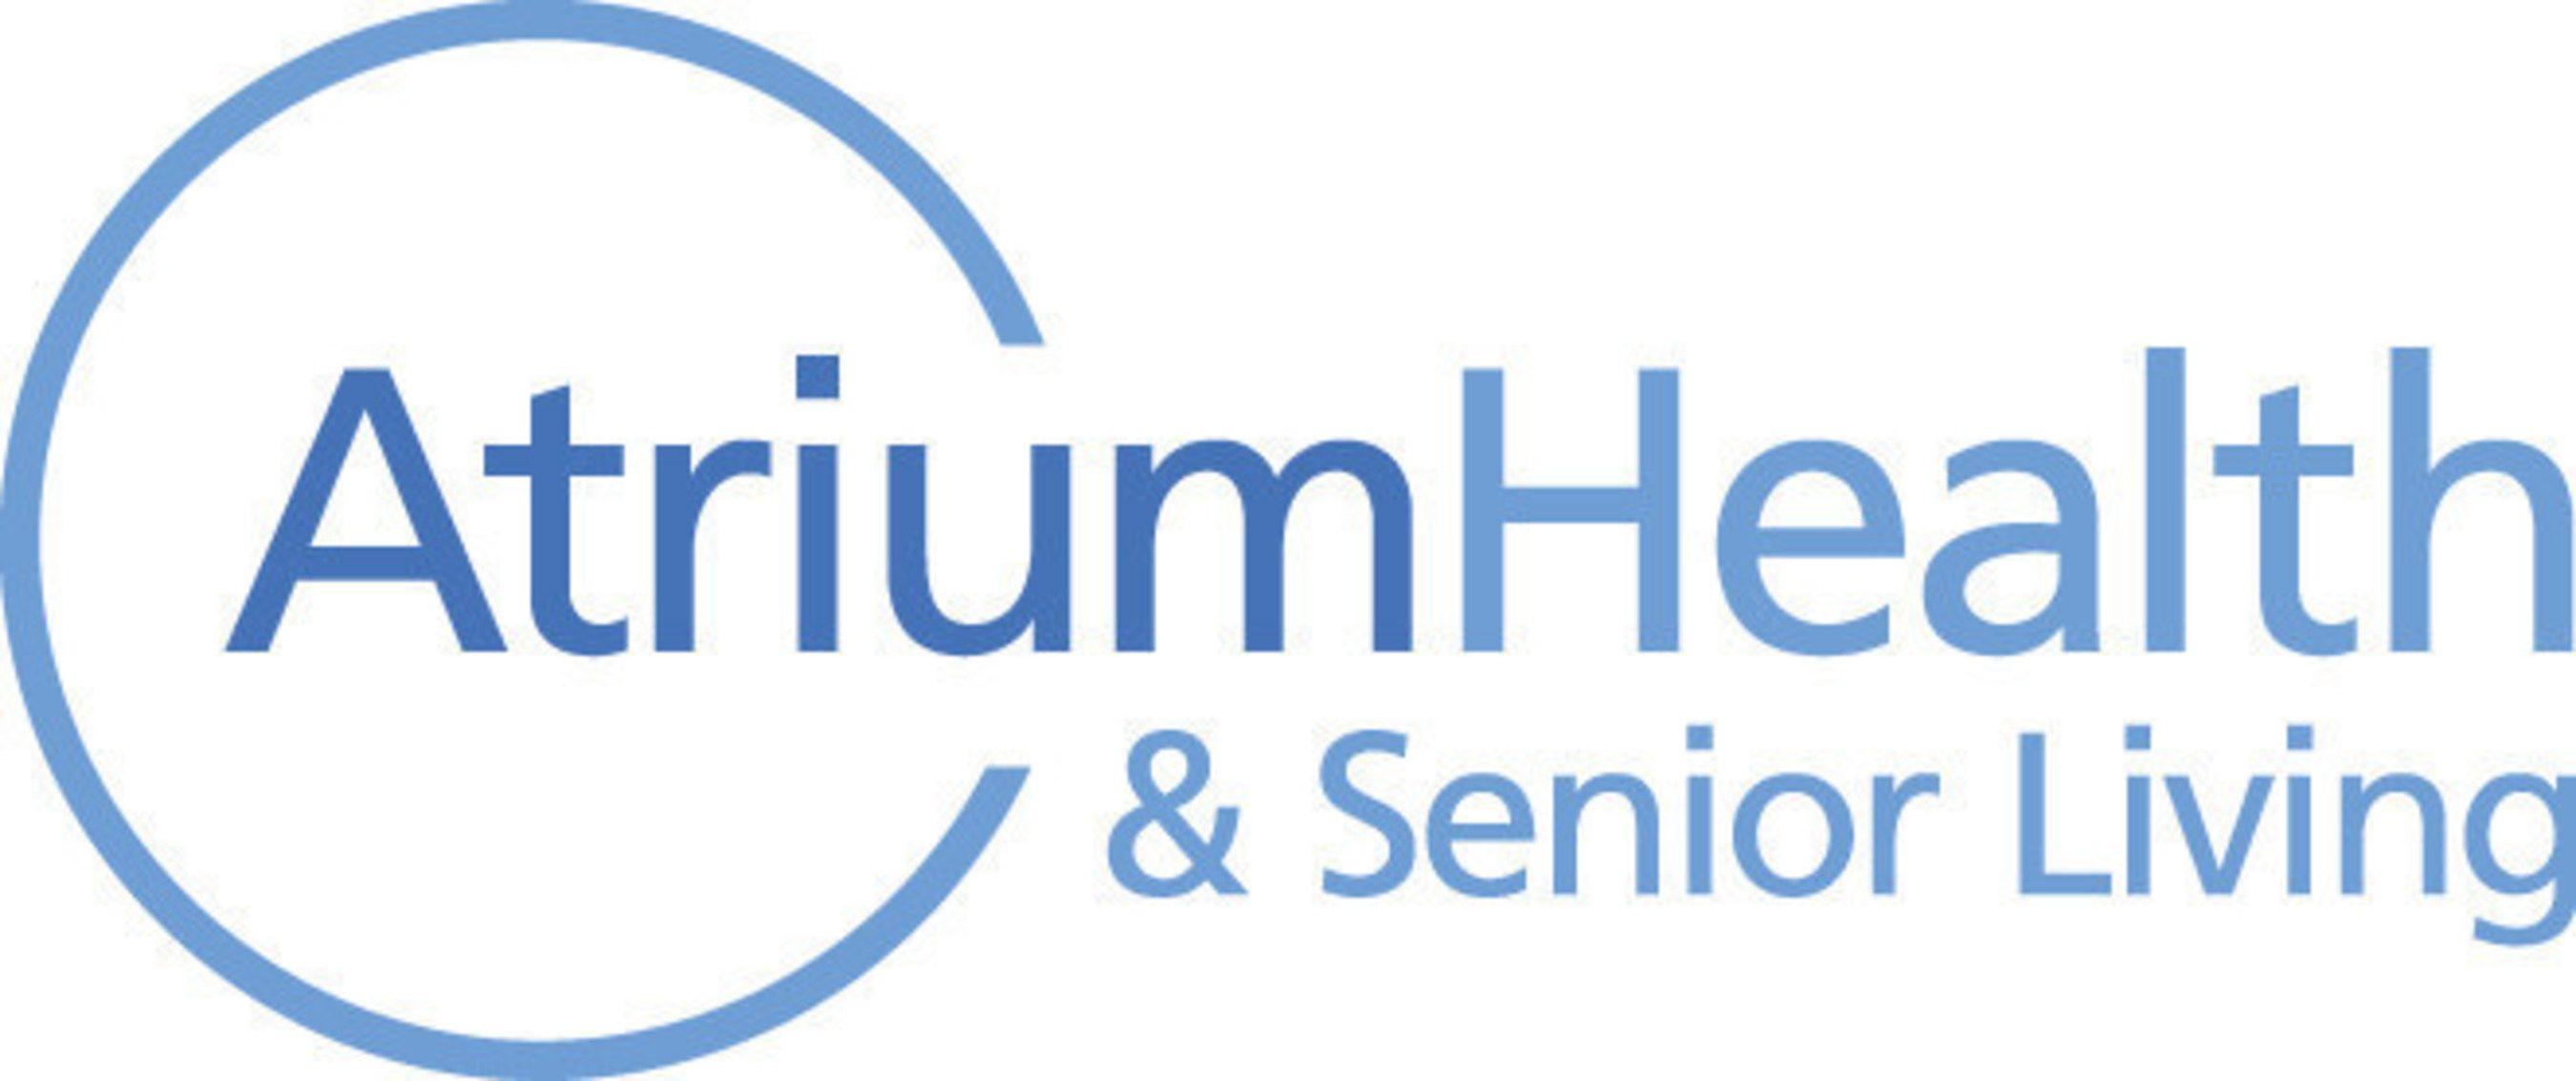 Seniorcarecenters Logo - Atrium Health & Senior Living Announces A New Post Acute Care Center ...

...

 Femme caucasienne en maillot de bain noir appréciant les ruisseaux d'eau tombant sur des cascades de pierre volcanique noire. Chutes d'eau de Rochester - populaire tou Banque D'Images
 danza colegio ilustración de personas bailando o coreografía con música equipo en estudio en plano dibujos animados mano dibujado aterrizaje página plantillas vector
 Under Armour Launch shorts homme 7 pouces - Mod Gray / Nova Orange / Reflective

Your goal => From the records above, repeat exactly the lines from the one with "Femme caucasienne en" through the one with "Under Armour Launch", both included.

Answer space =>
 Femme caucasienne en maillot de bain noir appréciant les ruisseaux d'eau tombant sur des cascades de pierre volcanique noire. Chutes d'eau de Rochester - populaire tou Banque D'Images
 danza colegio ilustración de personas bailando o coreografía con música equipo en estudio en plano dibujos animados mano dibujado aterrizaje página plantillas vector
 Under Armour Launch shorts homme 7 pouces - Mod Gray / Nova Orange / Reflective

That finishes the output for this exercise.